Example 8: Force Field Validation¶

from gatewizard.tools.force_fields import ForceFieldManager

ff_manager = ForceFieldManager()
valid, message, is_warning = ff_manager.validate_combination("tip3p", "ff14SB", "lipid21")

if valid:
    if is_warning:
        print(f"[!] Warning: {message}")
    else:
        print("[OK] Force field combination is compatible")
else:
    print(f"[ERROR] Incompatible: {message}")

Core Preparation Methods¶

Method: prepare_system()¶

Prepare a complete membrane protein system with lipid bilayer, water, and ions.

prepare_system(
    pdb_file: str,
    working_dir: str,
    upper_lipids: List[str],
    lower_lipids: List[str],
    lipid_ratios: str = "",
    **kwargs
) -> Tuple[bool, str, Optional[Path]]

Parameters:

Parameter	Type	Required	Description
`pdb_file`	`str`	Yes	Path to input PDB file (oriented protein)
`working_dir`	`str`	Yes	Working directory for output files
`upper_lipids`	`List[str]`	Yes	List of lipid types for upper leaflet
`lower_lipids`	`List[str]`	Yes	List of lipid types for lower leaflet
`lipid_ratios`	`str`	No	Lipid molar ratios (format: "ratio1:ratio2//ratio3:ratio4")
`output_folder_name`	`str`	No	Custom output folder name (kwarg)
`wait`	`bool`	No	Block until the job completes or errors (default `False`)
`wait_timeout`	`float`	No	Maximum seconds to wait when `wait=True` (`None` = unlimited)
`wait_poll_interval`	`float`	No	Seconds between status checks (default `5.0`)
`wait_verbose`	`bool`	No	Print elapsed-time progress while waiting (default `True`)
`**kwargs`	`Any`	No	Additional configuration parameters (override defaults)

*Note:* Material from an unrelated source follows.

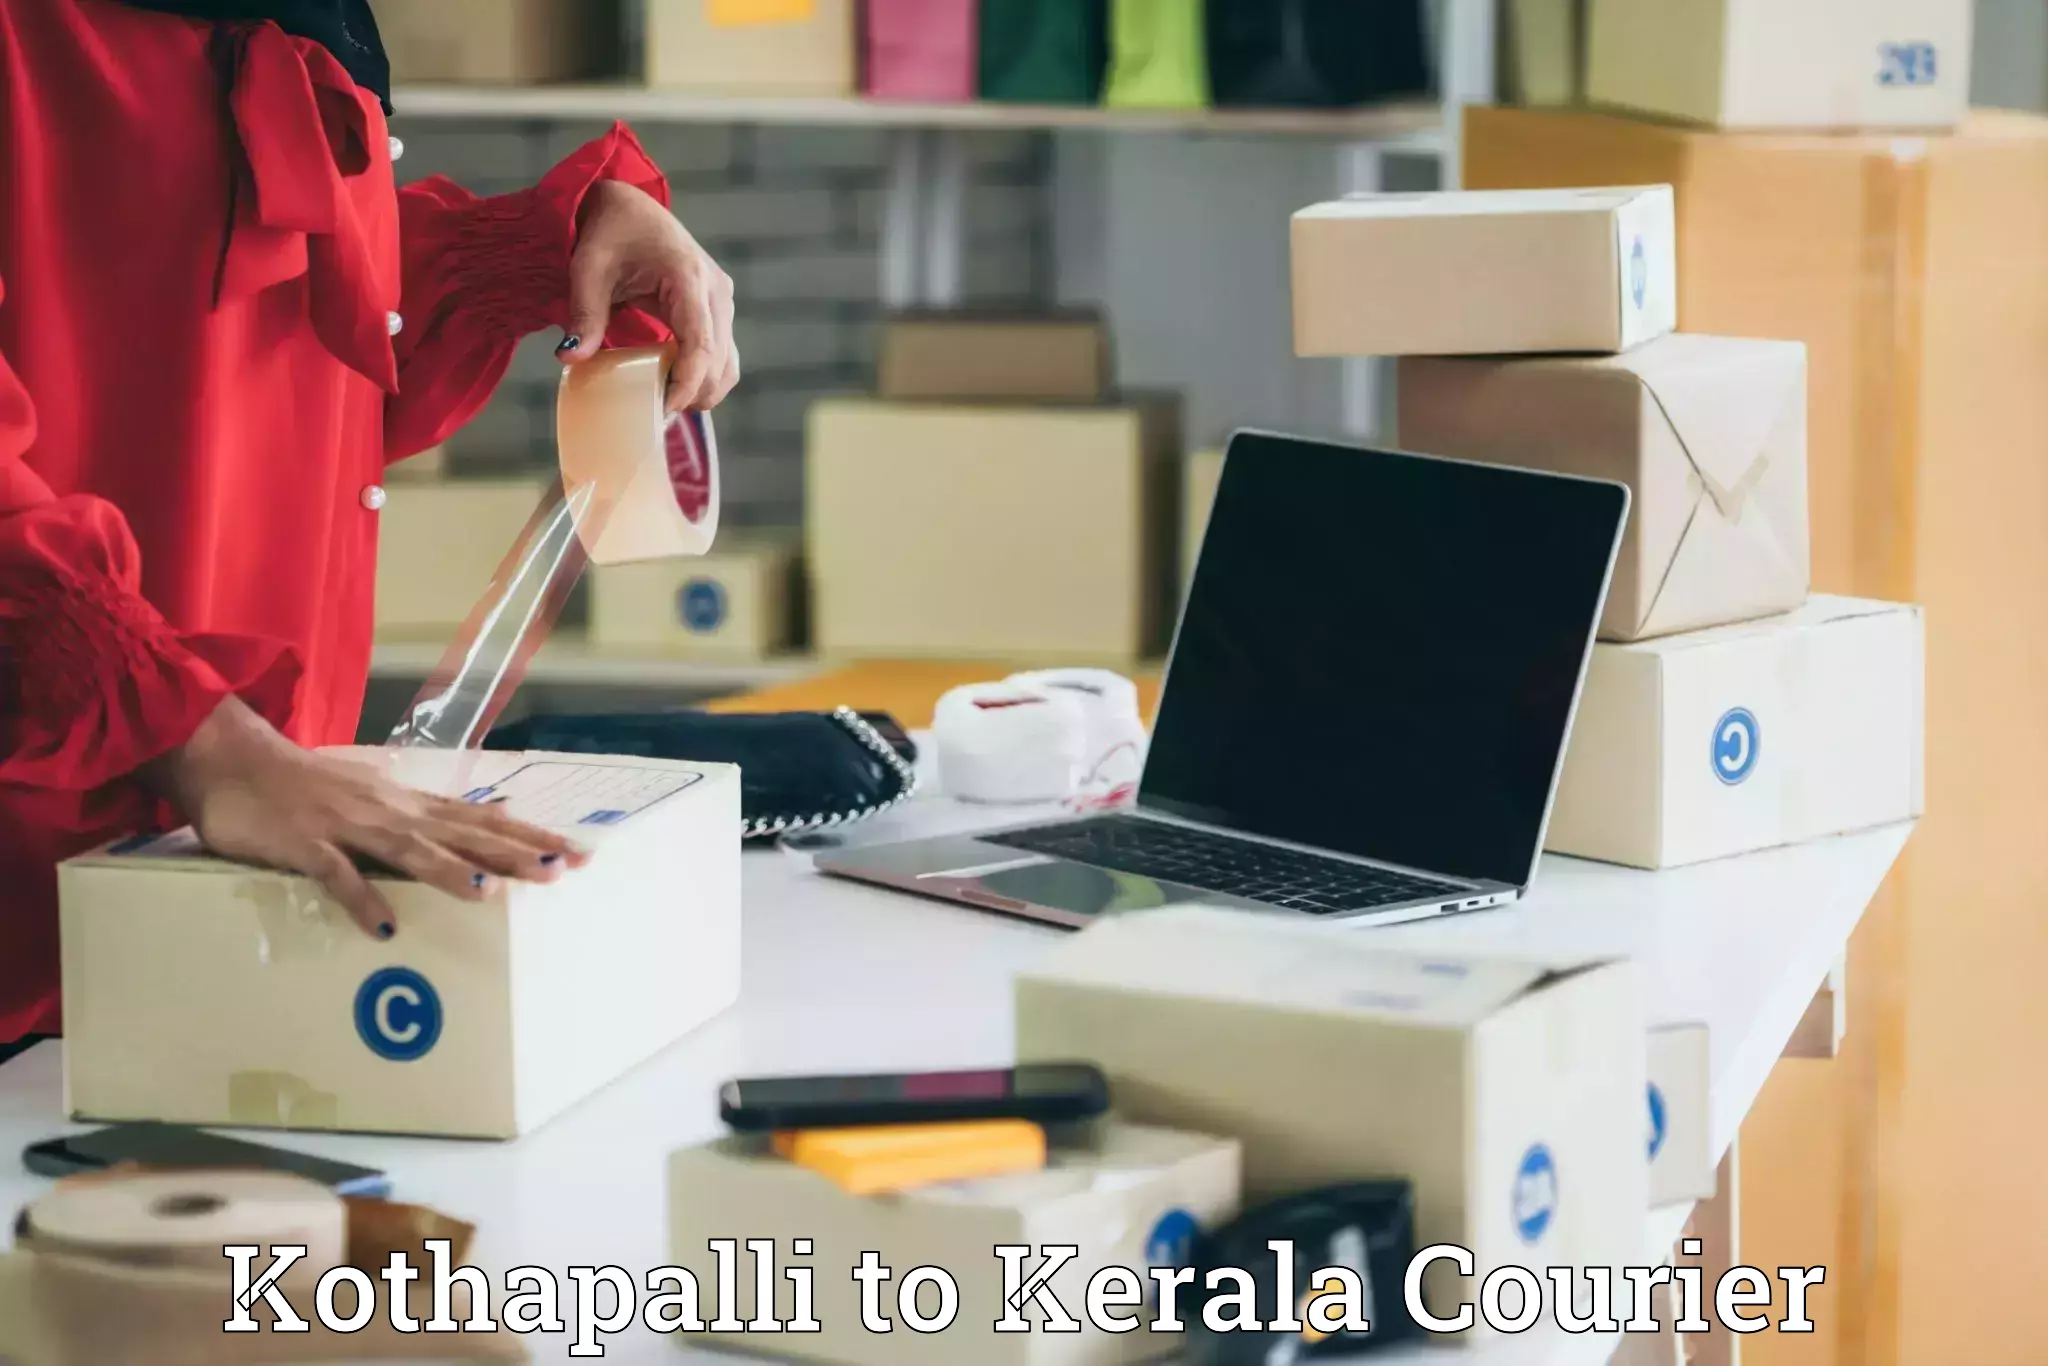 Bulk courier orders in Kothapalli to Cochin Port Kochi

Returns: Tuple[bool, str, Optional[Path]]

bool: Success status
str: Status message
Optional[Path]: Job directory path (None if failed)

Lipid Ratios Format:

The lipid_ratios string specifies molar ratios for each leaflet:

Format: "upper_ratio1:upper_ratio2//lower_ratio1:lower_ratio2"
Ratios must match the order of lipids in the lipid lists
Ratios are normalized automatically (don't need to sum to 1.0)
Use // to separate upper and lower leaflet ratios

Available Lipids:

Category	Lipid Types
Phosphatidylcholine (PC)	DHPC, DLPC, DMPC, DPPC, DSPC, DOPC, POPC, PLPC, SOPC
Phosphatidylethanolamine (PE)	DHPE, DLPE, DMPE, DPPE, DSPE, DOPE, POPE, PLPE, SOPE
Phosphatidylserine (PS)	DHPS, DLPS, DMPS, DPPS, DSPS, DOPS, POPS, PLPS, SOPS
Phosphatidylglycerol (PG)	DHPG, DLPG, DMPG, DPPG, DSPG, DOPG, POPG, PLPG, SOPG
Phosphatidic Acid (PA)	DHPA, DLPA, DMPA, DPPA, DSPA, DOPA, POPA, PLPA, SOPA
Sphingomyelins	PSM, ASM, LSM, MSM, HSM, OSM
Cholesterol	CHL1
Other	CARDIOLIPIN, PIP, PIP2

Output Files:

In {output_folder_name}/ directory:

bilayer_*.pdb - Packed system (protein in membrane)
bilayer_*_lipid.pdb - Lipid bilayer with CRYST1 info (for equilibration)
system.prmtop - AMBER topology file (if parametrize=True)
system.inpcrd - AMBER coordinate file (if parametrize=True)
system_solv.pdb - Solvated system in PDB format
system_4amber.pdb - PDB prepared by pdb4amber
tleap.in - tleap input script
logs/preparation.log - Main execution log
logs/parametrization.log - Parametrization log
status.json - Job status tracking
run_preparation.sh - Execution script

Raises:

FileNotFoundError - If input PDB file doesn't exist
BuilderError - If validation fails or system preparation fails

Note: By default, system preparation runs in the background and the method returns immediately. Pass wait=True to block until the job finishes — useful for scripting sequential preparations. For asynchronous monitoring, use the log files or the JobMonitor class (see examples below).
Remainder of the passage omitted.